── DATA LISTING ──
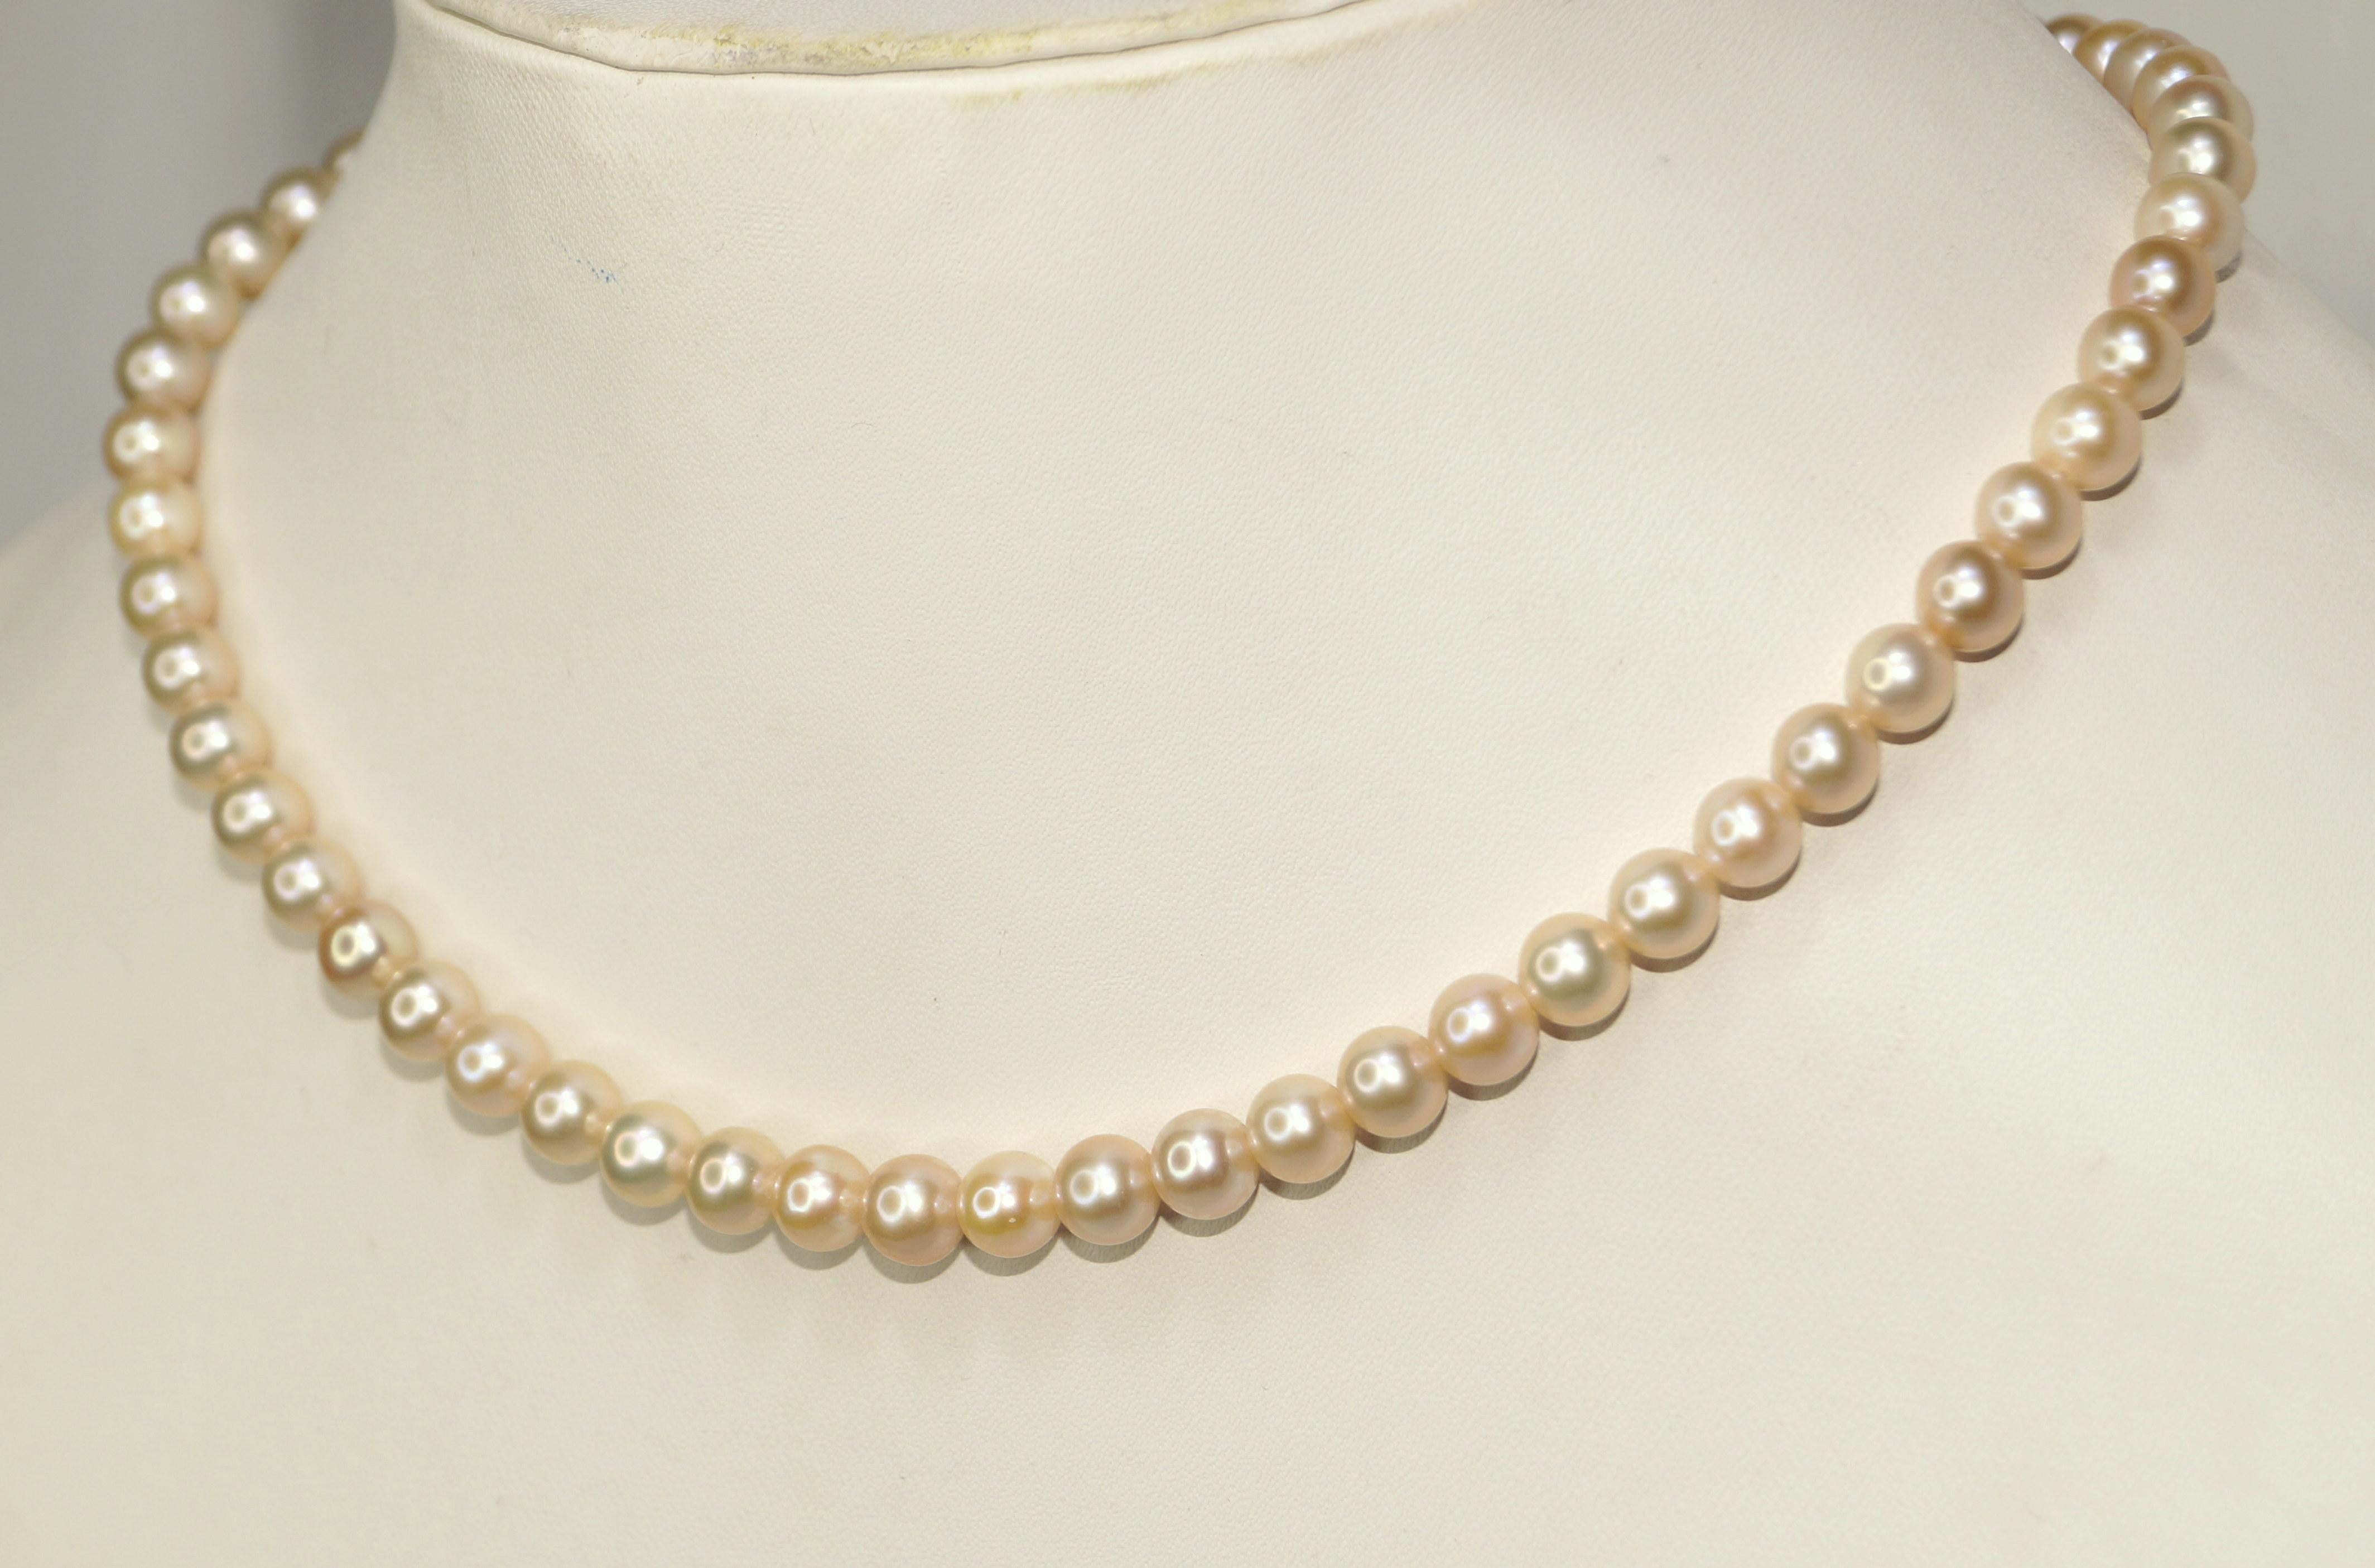 Details:
: 14k Yellow Gold Lock Freshwater pearl beads Necklace.

: Item no- KM26/1001/9884

:Pearl Size: 7mm (Approx.)

:Necklace length: 16
───
ABOUT THIS TASK: Set down exactly, and only, the lines from the one containing "Item no- KM26/1001/9884" through the final line of the entries above.

RESULT FOR THIS TASK:
: Item no- KM26/1001/9884

:Pearl Size: 7mm (Approx.)

:Necklace length: 16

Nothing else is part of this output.